Good pubs, Good Beer, Good People

Sunday, November 6, 2011

Standing "O" for the Wrong Joe

So this beerwriter walks into a bar--actually a fine restaurant with craft-brewed beer--and gets a standing ovation from at least six comely lasses--and the OWNER! What you may think was a barley-and-hops induced dream was reality, but in the opinion of The PubScout, entirely backwards.

The event was designed to promote Artisan's for a TV shoot that was being done on the premises to promote what is already one of the most unique restaurants in the southern part of the state. It already holds a number of restaurant/brewpub distinctions, as well as that of hosting the best annual Octoberfest Celebration in Jersey. The recipe for that now-legendary party carries over into its daily business model. Great food, great beer and exceptional hospitality will work every time, even without an oompah band and fetching women in dirndls.

The TV crew interviewed Yours Truly, still basking in the glow from that breathtaking welcome at the door--and the crux of my message was just that. The Petes, brothers who own Artisan's (don't ask--it was ouzo and their mother), have put their hearts and souls into this place and it shows. Executive Chef Steve Farley wields a master's hand in the kitchen, and Der Brewmeister Himself, Dave Hoffman does the same at the kettles.

Last evening for example, Dave greeted me with a goblet of his newest beer, just filtered and unavailable to the public--yet--which will be his Winter Ale. OMG. Malty, raisiny, plummy and chock full of blackstrap molasses, this baby will warm your cockles--even if you don't know where they are. Reminiscent of Samuel Smith's Winter Welcome--the one with the Shakespeare quote on the bottle--it's destined to please many a palate, and at 8.5% it deserves respect in terms of where and when you quaff it.

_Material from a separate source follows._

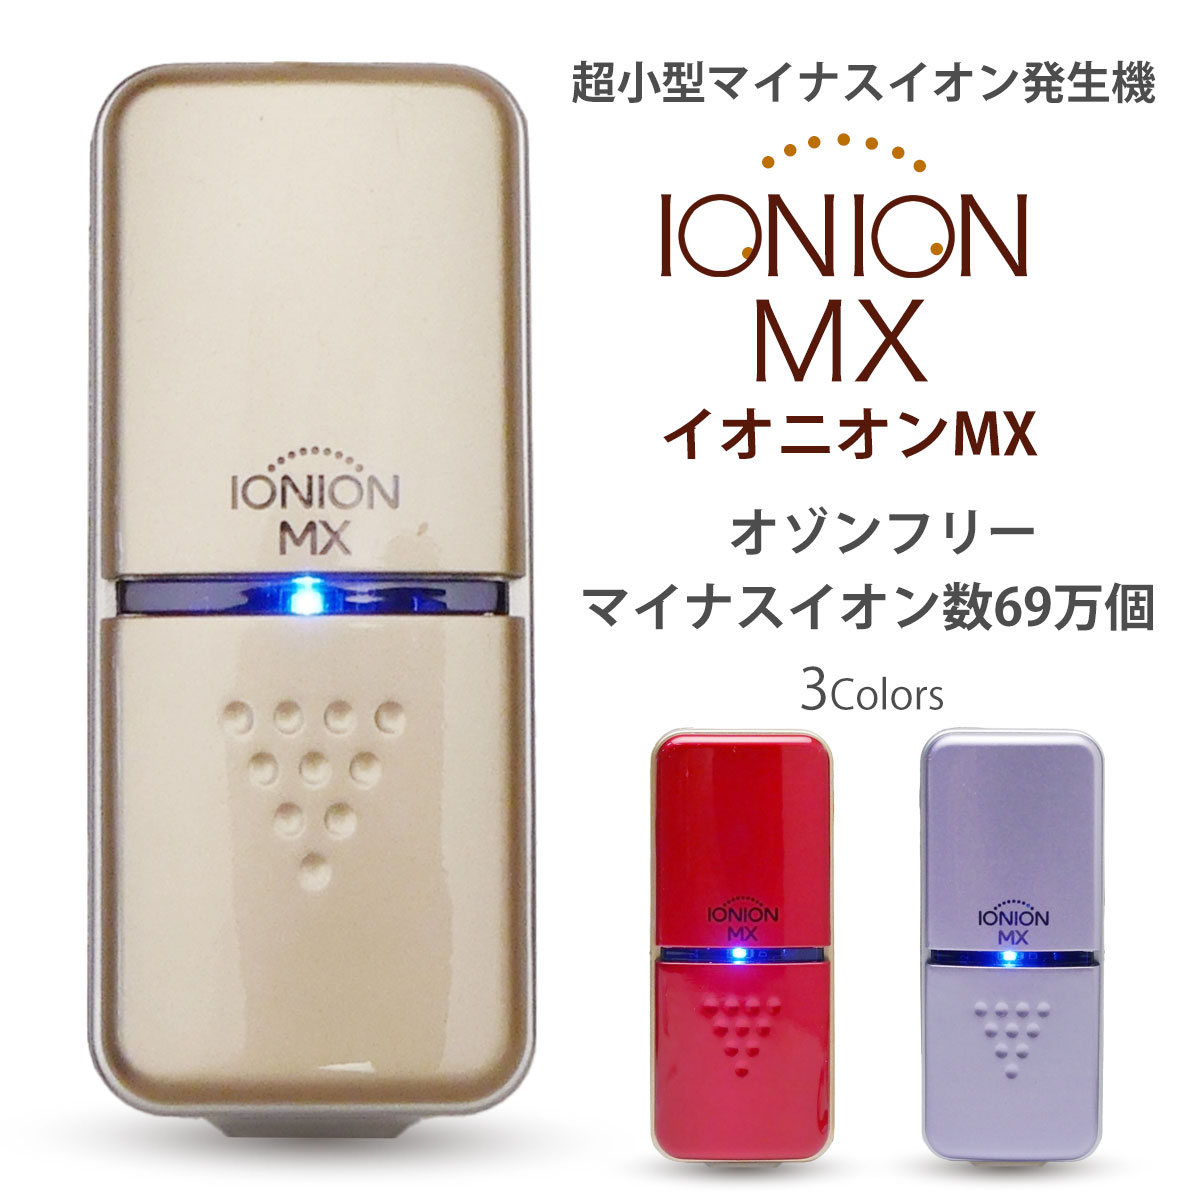 【楽天市場】【お買い物マラソン お得なクーポン配布中!】IONION 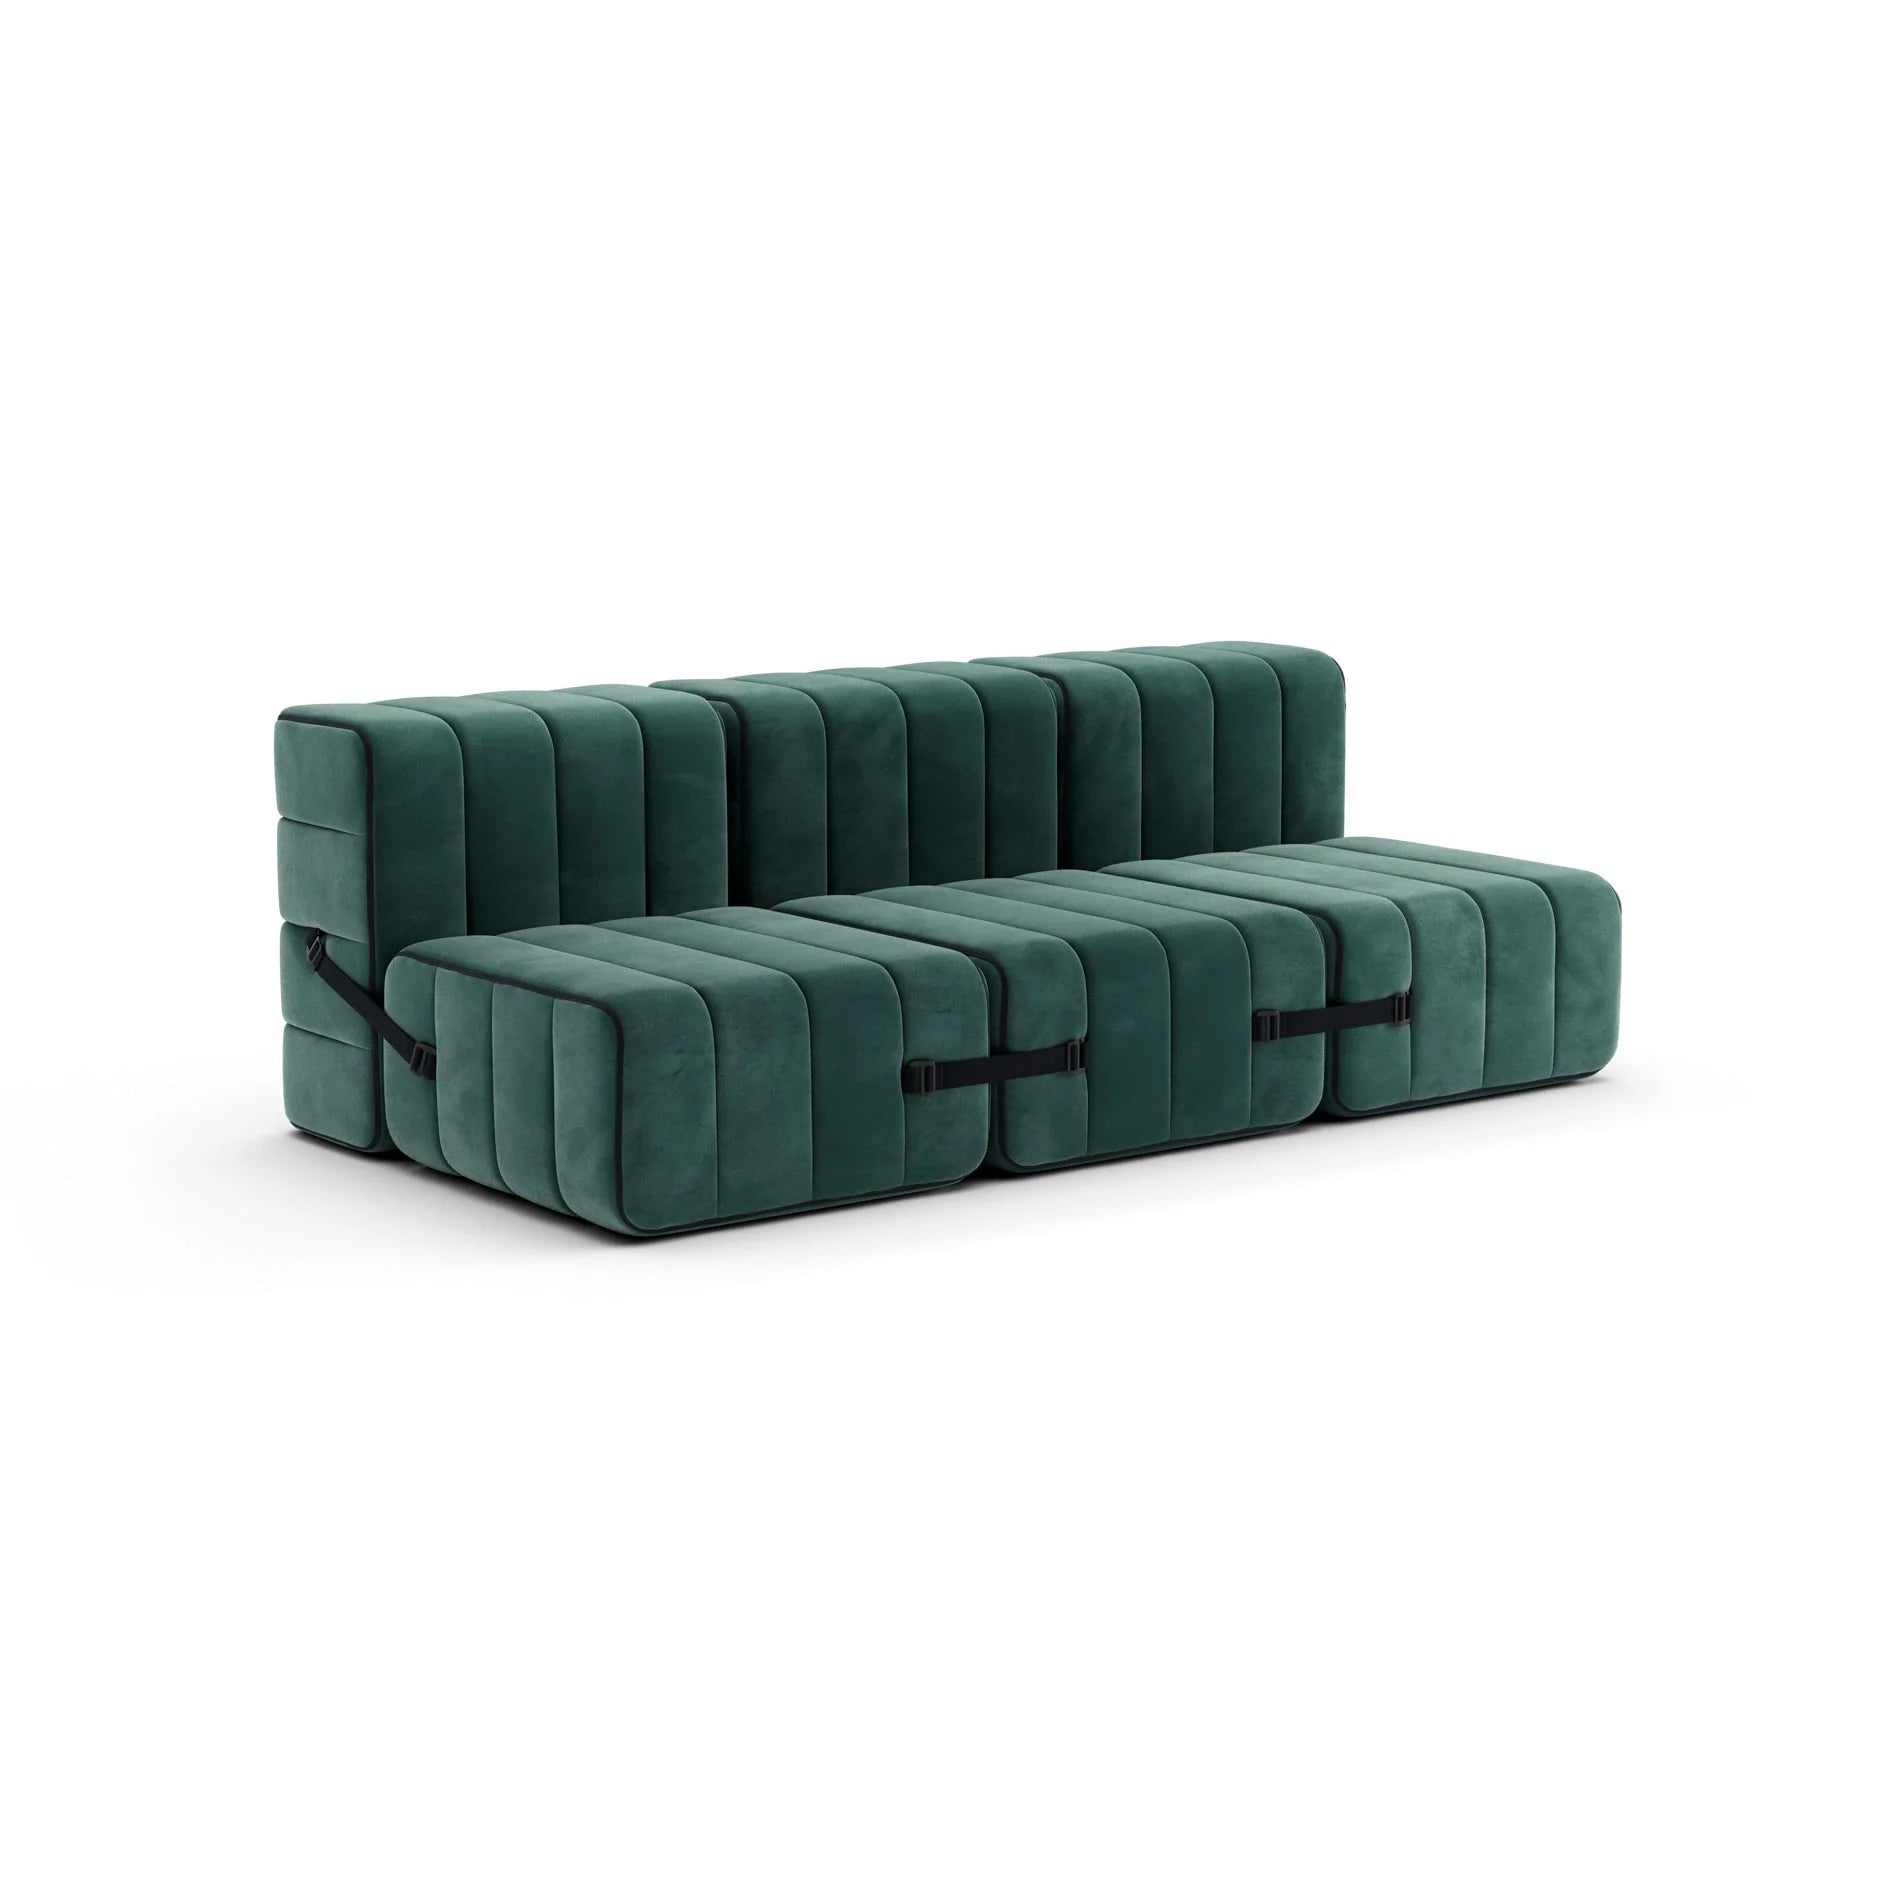 Modular sofa system Curt - Barcelona Serpentine

The missus had a dish called Butternut Squash Agnolotti and her repeated vocalizations of pleasure nearly interrupted my enjoyment of Homemade Gnocchi with Filet Mignon. I had already whetted my appetite with some delightful Lamb-Stuffed Meatballs, but the main dish was just outtasight. (Do our youth even know what outtasight means?).

Outtasight is the word that applies to watching "Panagiati" and his "daughter" do moves on the dance floor that made me think John Travolta and his dance partner from Saturday Night Fever were in the house. And it also applies to a sinfully delicious baklava that Panagiati demanded I sample. Not a dish for calorie-counters, for sure, but definitely one for those who appreciate art from the kitchen.

And Art is what Artisan's is all about. In their food, in their beer and in their hospitalty, you just won't find any better. The great shame is that folks north of the Raritan River have to drive a bit to get to it. But if you're anywhere south of the Raritan River, Artisan's awaits you with open arms, big smiles and an exceptional experience.

Don't expect a standing "O" at the door when you enter, but you may be tempted to give one when you leave.